David Cameron did not intend to brand all opponents of air strikes against Islamic State in Syria as "terrorist sympathisers", Foreign Secretary Philip Hammond has said.

The Prime Minister infuriated Labour after he urged Conservative MPs not to go through the division lobbies with people who he described as a "bunch of terrorist sympathisers" in tonight's crucial Commons vote on military action.

A spokesman for Labour leader Jeremy Corbyn denounced his comments - made last night at a private gathering of Tory MPs - as a "desperate slur" which demeaned his office.

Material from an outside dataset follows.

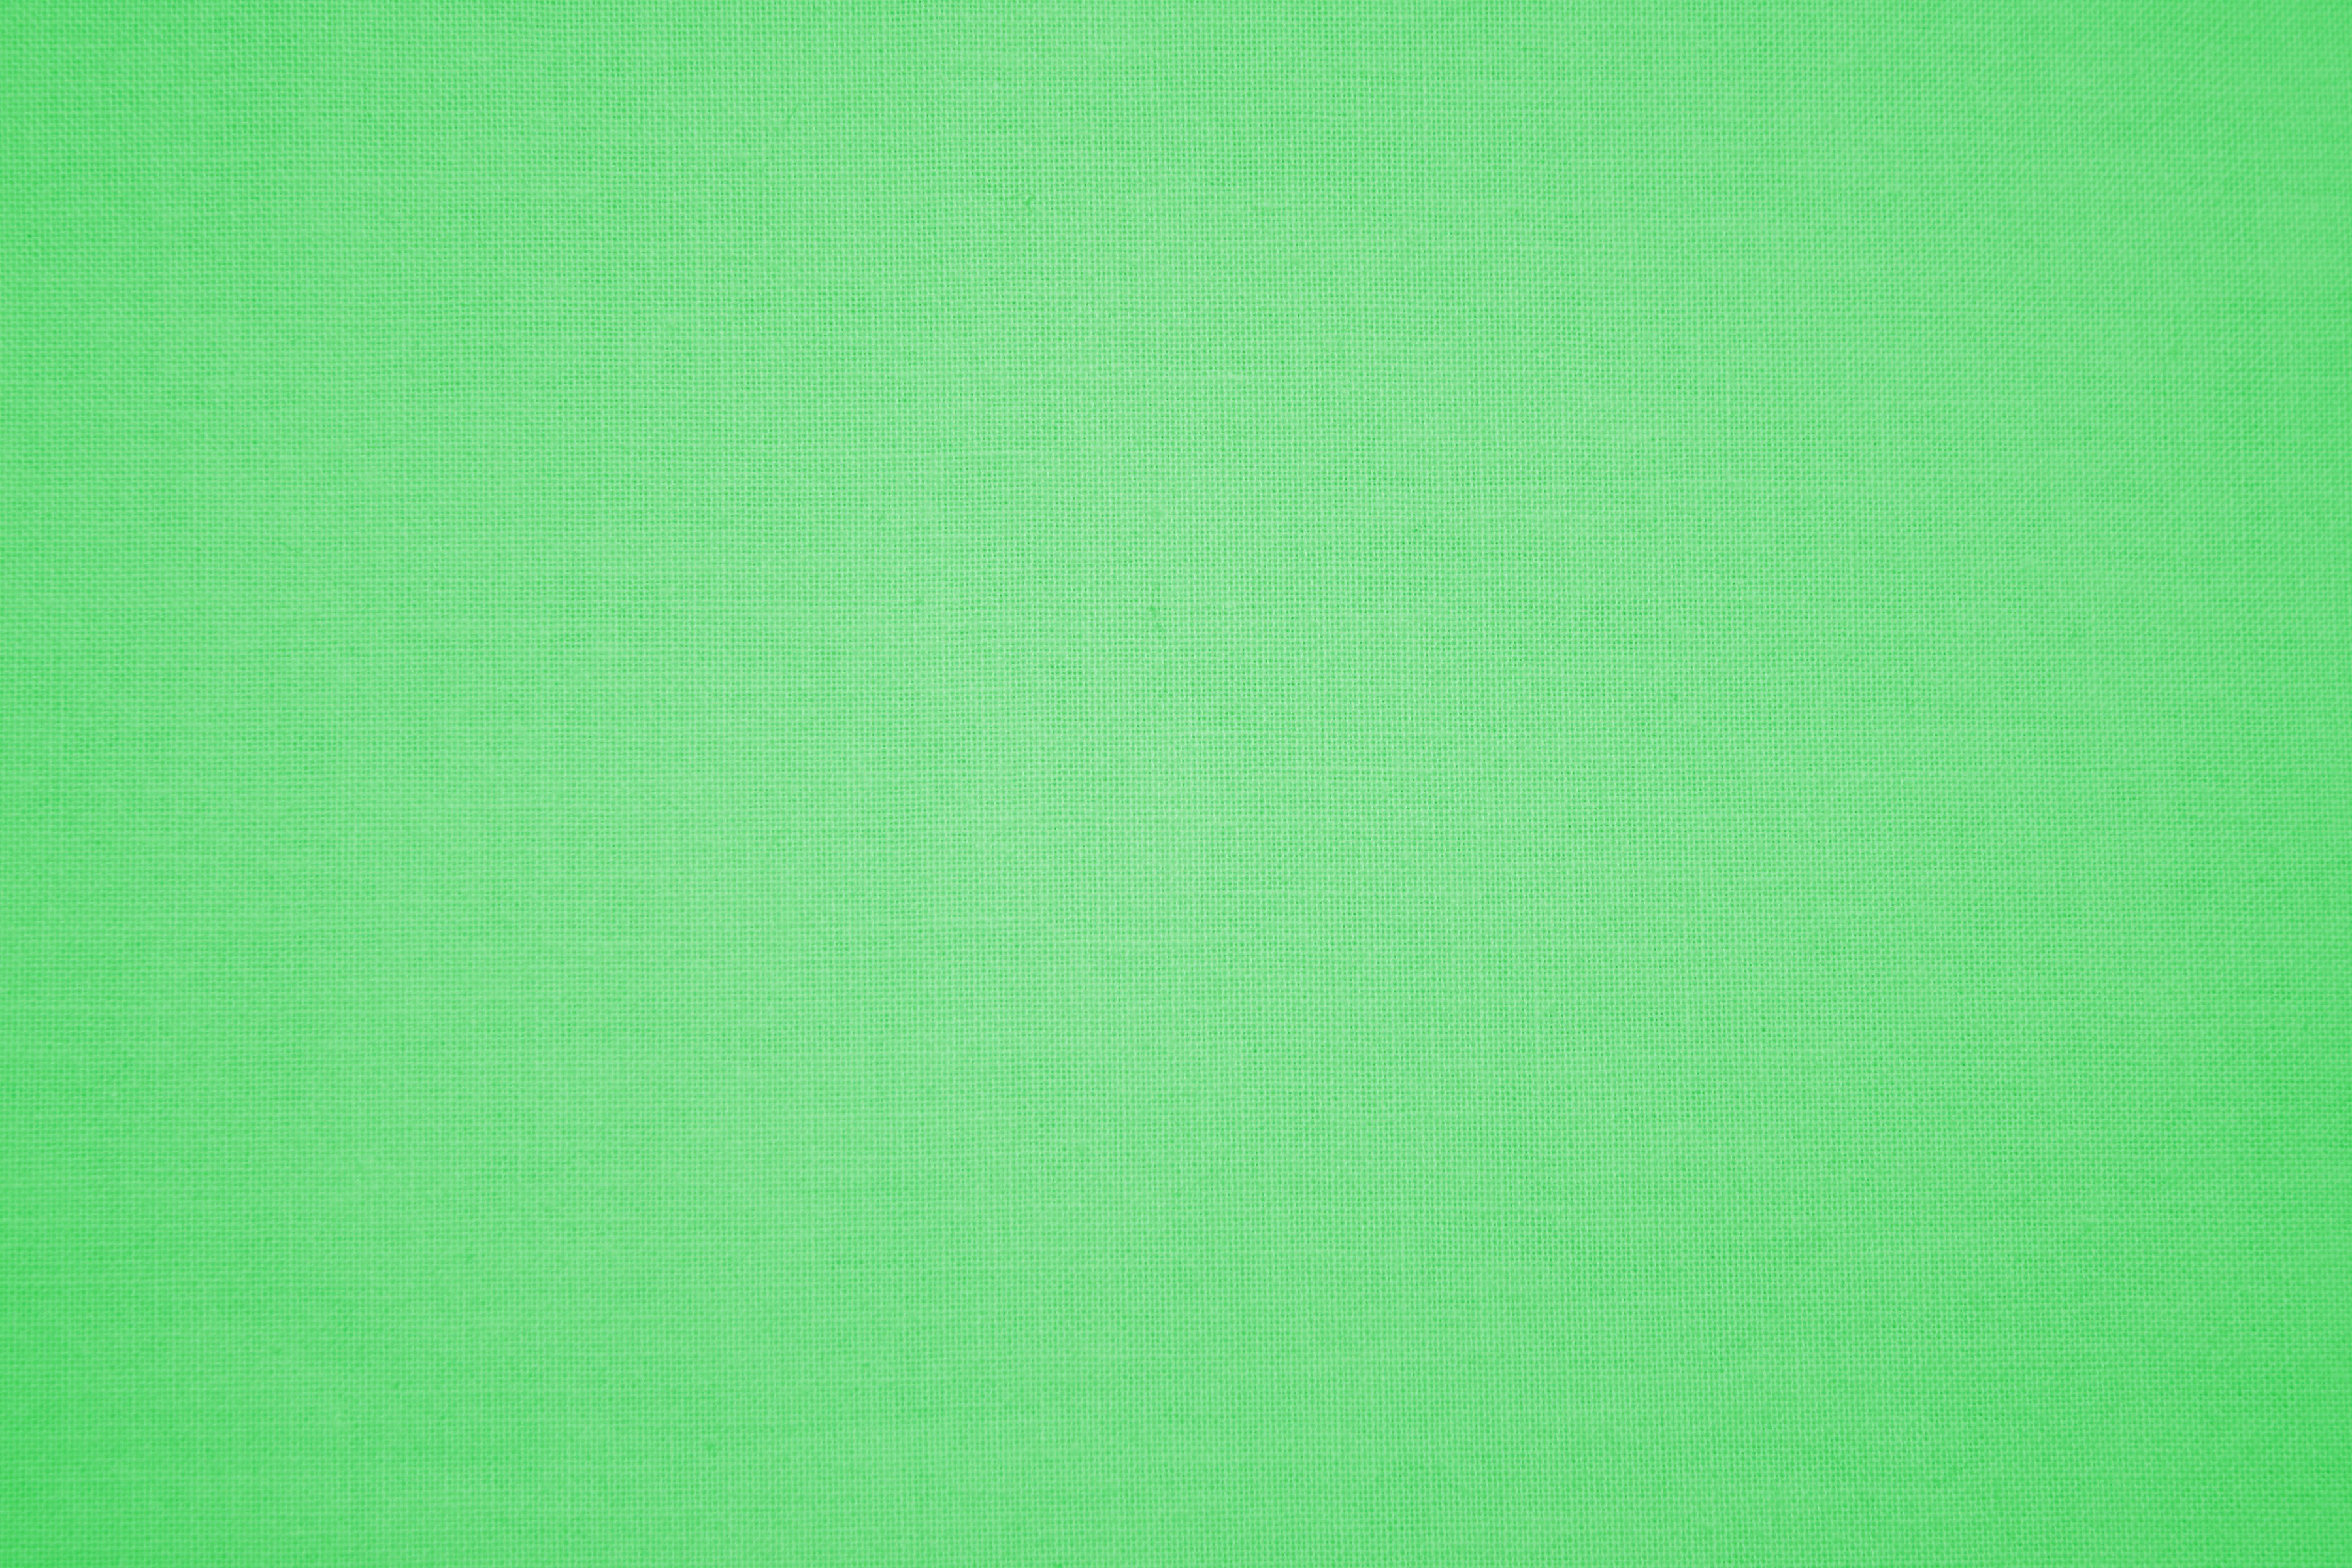 Light Green S Fabric Texture Picture

But Mr Hammond insisted they were not aimed at long-standing opponents of war like Mr Corbyn, whose views he said were "obviously sincerely held".

He suggested Mr Cameron was thinking of former London mayor Ken Livingstone - a close ally of Mr Corbyn - who caused outrage with his recent claim that the 7/7 London bombers "gave their lives" for a cause they believed in.

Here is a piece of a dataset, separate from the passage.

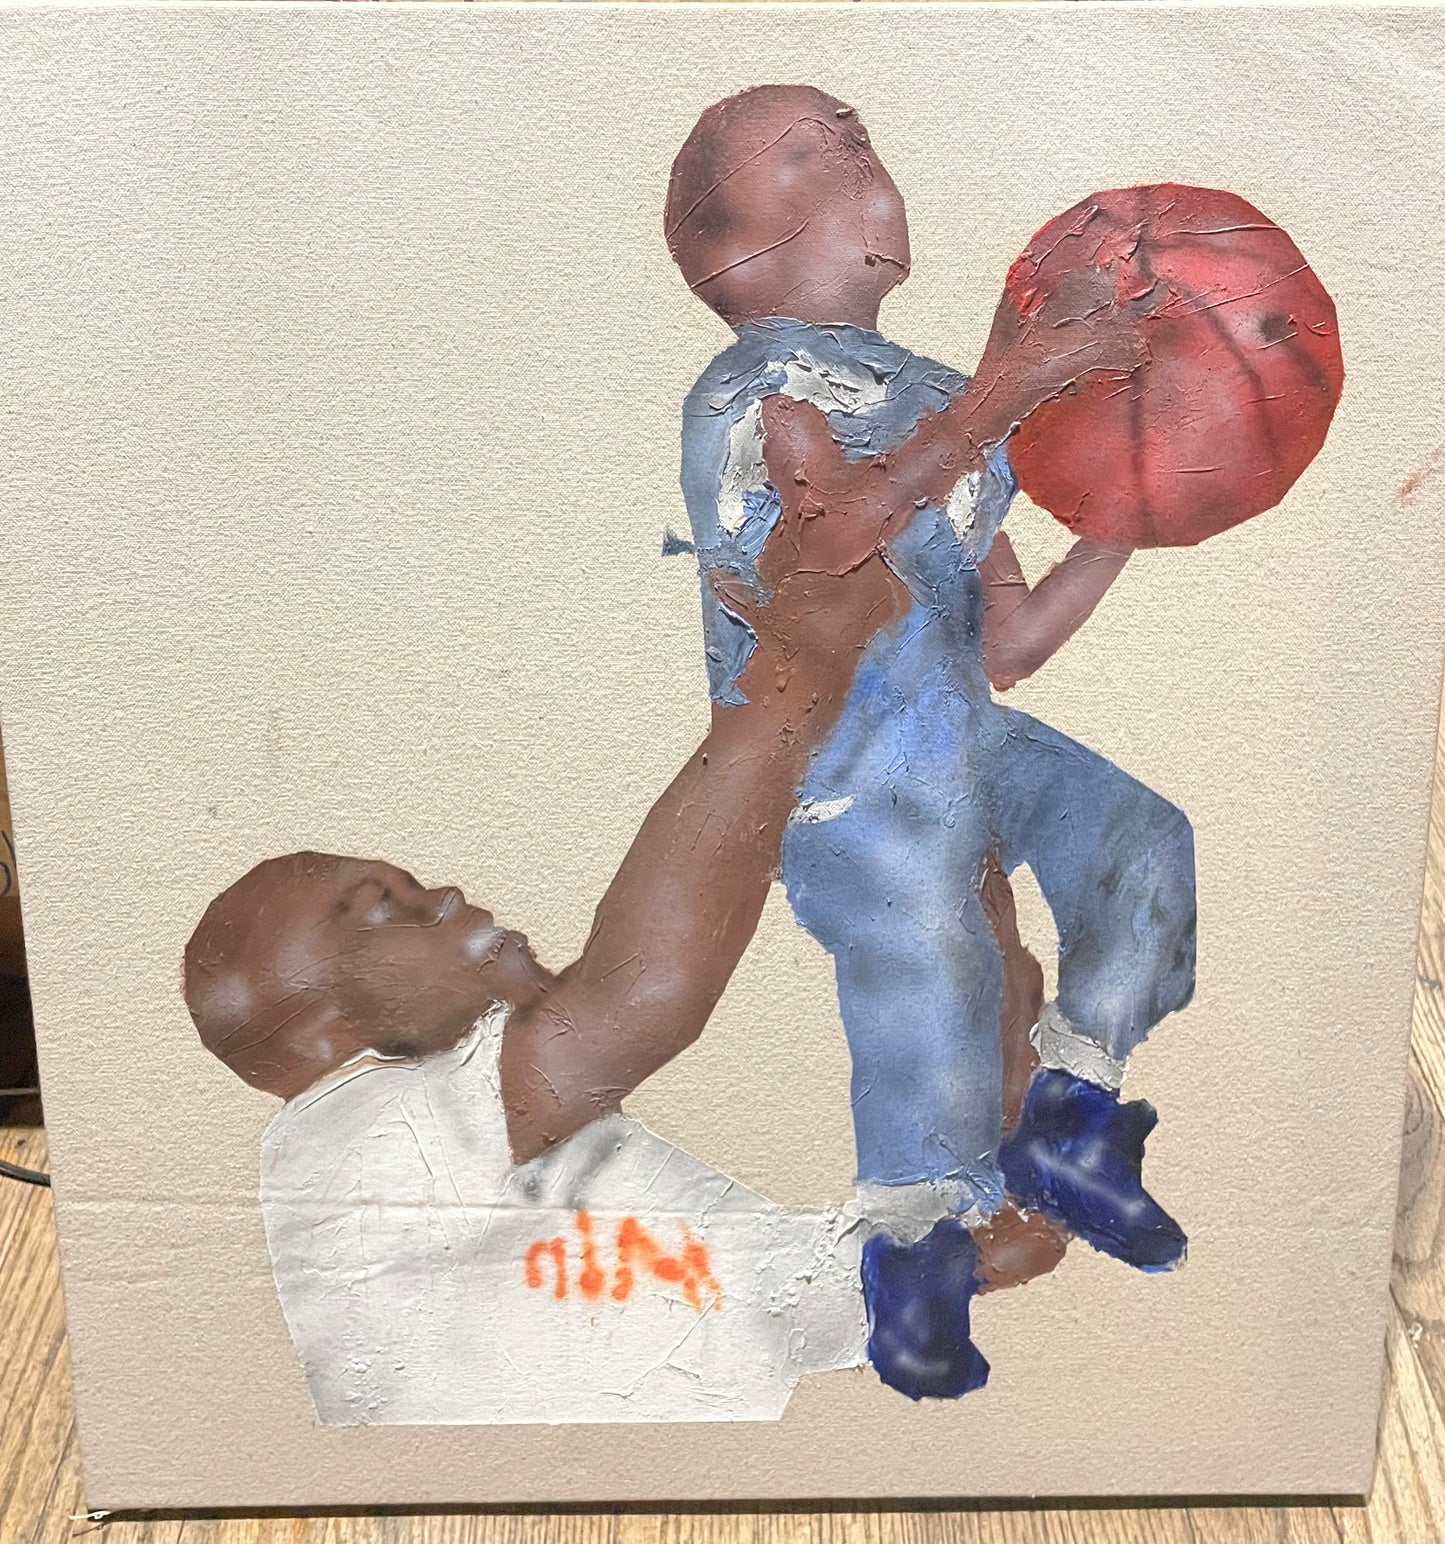 Basketball by Gabe Rozzell

"I suspect that he was referring to some high profile comments that people like Ken Livingstone have recently made which, in my view, are extremely ill-advised and do betray a long strand of sympathy for people that, frankly, most of us would have no sympathy for," he told ITV1's Good Morning Britain.

"I don't think the Prime Minister was intending to characterise the great majority of people who are against us in this debate as in any way holding those views.

"We know that many people on the other side of this debate will have wrestled long and hard with their consciences."

Mr Cameron's remarks - made at a behind-closed-doors meeting of the backbench 1922 Committee - were in sharp contrast to his attempts in past weeks to woo opposition MPs to support the extension of RAF strikes on IS into Syria.

Bombing missions are likely to begin within days if the House delivers what the Prime Minister hopes will be a comfortable majority after Mr Corbyn abandoned attempts to impose his anti-war stance on Labour and allowed his MPs a free vote.

The PM's weekly question time has been cancelled as the Commons decks are cleared for a 10 hour-plus debate on the case for deploying RAF jets against IS - also known as Isil, Isis and Daesh - in Syria.

Up to 50 Labour MPs have been tipped to vote with the Government - including shadow foreign secretary Hilary Benn - resulting in the highly unusual scenario of the two keynote Opposition speeches coming from opposite sides of the debate.

Democratic Unionists and the Liberal Democrats are also backing air strikes, their eight MPs each outweighing the voices of around a dozen Conservatives preparing to defy the party line to oppose action.

But critics of the policy - including the 54-strong Scottish National Party - have been emboldened by criticism of the PM's case from an influential committee and controversy over his claims of 70,000 moderate Syrian forces on the ground.

Mr Cameron set out his strategy as a direct response to a highly critical assessment by the Foreign Affairs Select Committee (FAC) but it voted by four to three that he "has not adequately addressed concerns" in key areas.

At least 110 MPs from six different parties have already signed up to an amendment seeking to block air strikes - spearheaded by Tory FAC member John Baron and the SNP's Westminster leader Angus Robertson.

A YouGov poll for The Times found public opinion moving against air strikes - with the proportion in favour dropping from 59% to 48% and those against rising from 20% to 31% with undecideds unchanged on 21%.

Mr Corbyn said the case for strikes was "coming apart at the seams" - notably the claim of 70,000 moderate forces on the ground to take advantage of air strikes against IS.

"He knows that opposition to his ill-thought-out rush to war is growing," he wrote in The Guardian.

"On planning, strategy, ground troops, diplomacy, the terrorist threat, refugees and civilian casualties, it's become increasingly clear the Prime Minister's proposal simply doesn't stack up.

"After Iraq, Afghanistan and Libya, MPs thinking of voting for bombing should bear in mind how terrible those consequences can be. Only a negotiated peace settlement can overcome the Isil threat."

However, Mr Hammond said it was essential to take the fight against IS into the extremists' Syrian heartlands from where they plotted to carry out attacks on Britain and the West.